LMI currently has an opening for a Data Scientist supporting an IC customer in the Reston / Herndon area. The chosen candidate will focus on developing highly complex programmatic and quantitative methods to find patterns and relationships in large data sets, utilizing complex mathematical, statistical or other data-driven problem solving analysis to identify significant intelligence issues or trends in business operations to senior internal and external customers. They are expected to work independently under broad guidance from first- or second-line supervisors or the government client.
Specific responsibilities include:
Mentor data scientists to support employee and product development.
Independently compile data to address the most complex intelligence issues or problems for senior internal/external customers.

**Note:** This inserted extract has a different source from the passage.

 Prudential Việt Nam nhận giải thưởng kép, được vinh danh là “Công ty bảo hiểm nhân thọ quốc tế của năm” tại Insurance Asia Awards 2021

Independently provide accurate, timely, highly complex and sophisticated data analysis to support key agency, US national security, and foreign policy objectives; to advance Agency business operations; and to shape Intelligence Community (IC) analysis and priorities.
Conceive, prepare, and communicate a wide range of strategic, highly complex graphics, computational models/tools, or written/oral assessments to internal and external peers and customers (e.g., policymakers, IC components).

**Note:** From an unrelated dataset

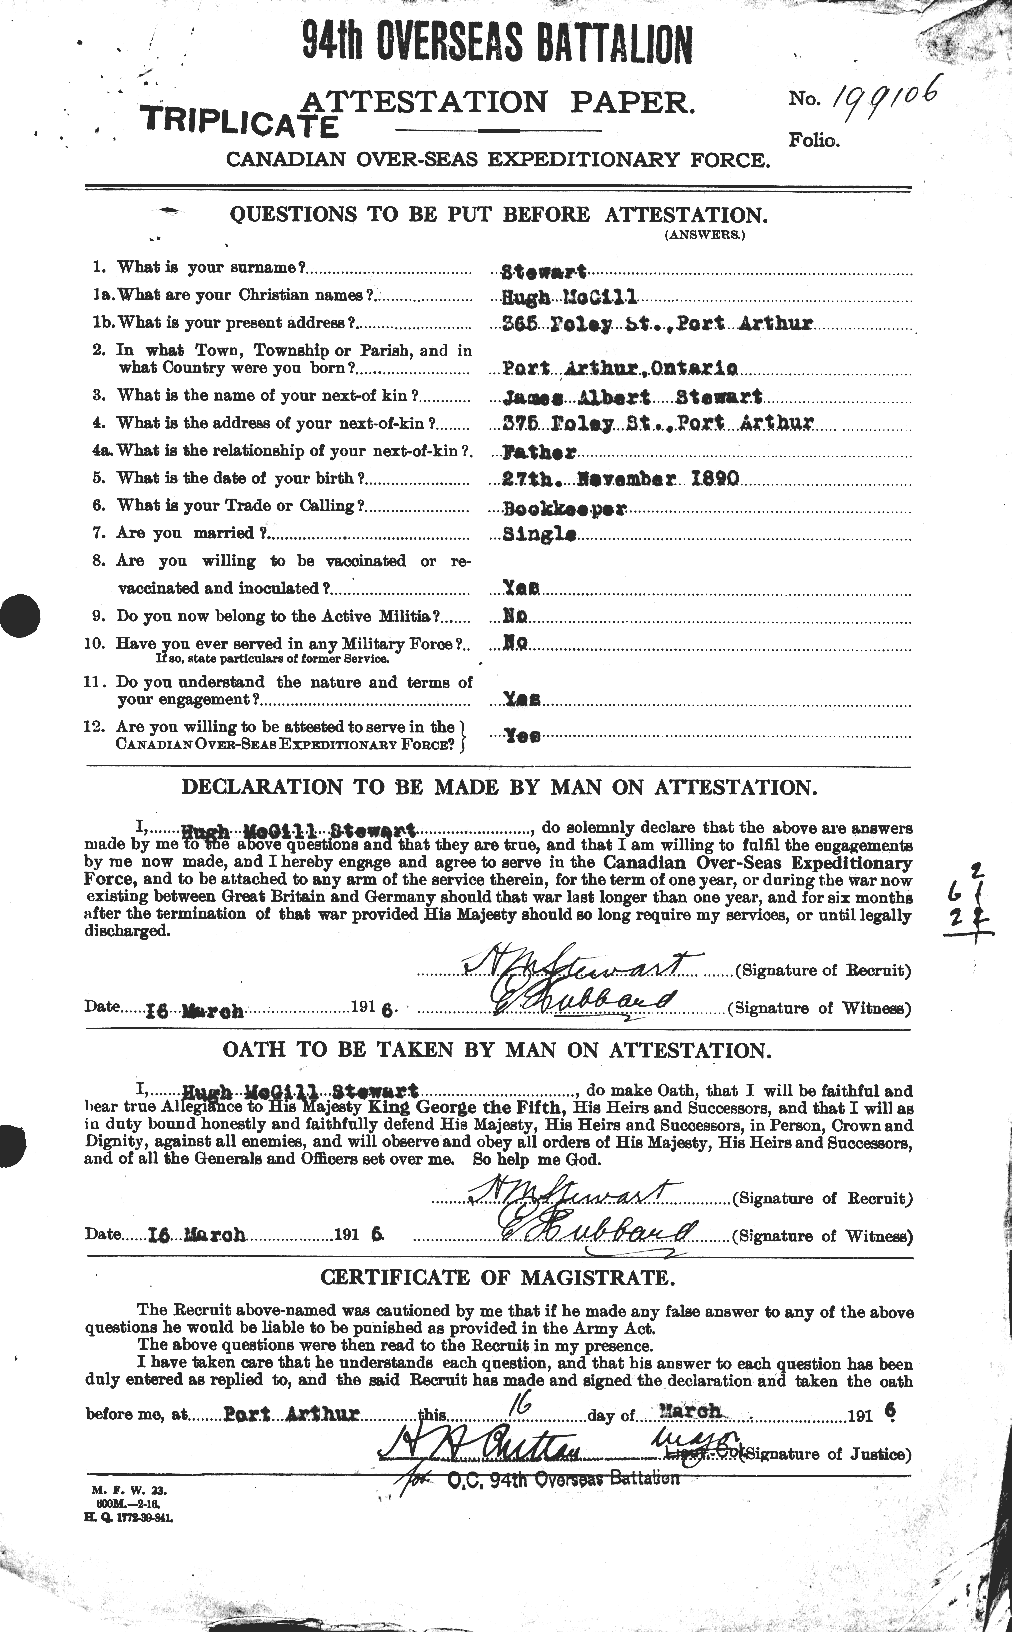 Dossiers du Personnel de la Première Guerre mondiale - CEC 623368a

Manage projects and associated resources.
TS/SCI with polygraph needed
Minimum years of experience: At least two years of relevant experience; 7 to 12 years is preferred
Minimum degree requested: Bachelor’s degree in a quantitative or technical field of study (e.g., statistics, mathematics, computer science, physical science, quantitative social science). A MS or PhD in relevant degree program is preferred and can substitute for years of related experience.

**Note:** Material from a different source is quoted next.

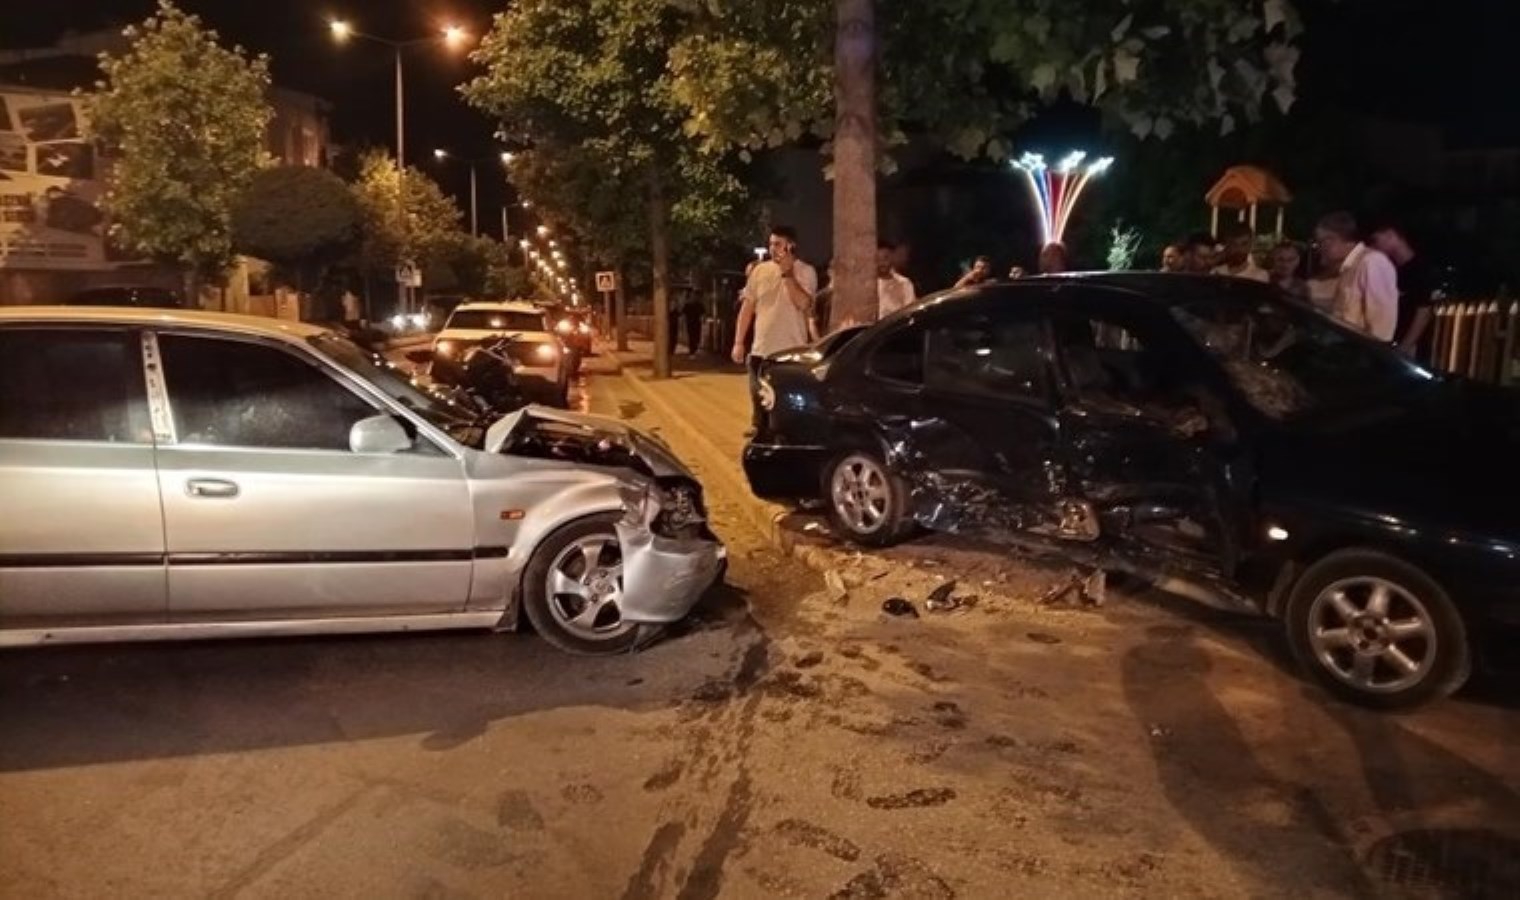 Samsun’da iki otomobil çarpıştı: 2 yaralı!

Required background or special skills:
Demonstrated on-the-job experience with analytic methods and methodological tools in one or more of the following areas: applied mathematics (e.g., probability and statistics, formal modeling, computational social sciences), computer programming (e.g., programming languages, math/statistics packages, computer science, machine learning, scientific computing), or visualization (e.g., GIS/geospatial analysis, telemetry analysis).
Demonstrated on-the-job experience with translating complex, technical findings into an easily understood narrative (i.e., tell a story with the data) in graphical, verbal, or written form.
Demonstrated on-the-job experience with leveraging multiple data management tools to organize relevant information and make decisions.
Demonstrated on-the-job experience in research design.
Demonstrated on-the-job experience with multitasking and changing focus quickly as demands change.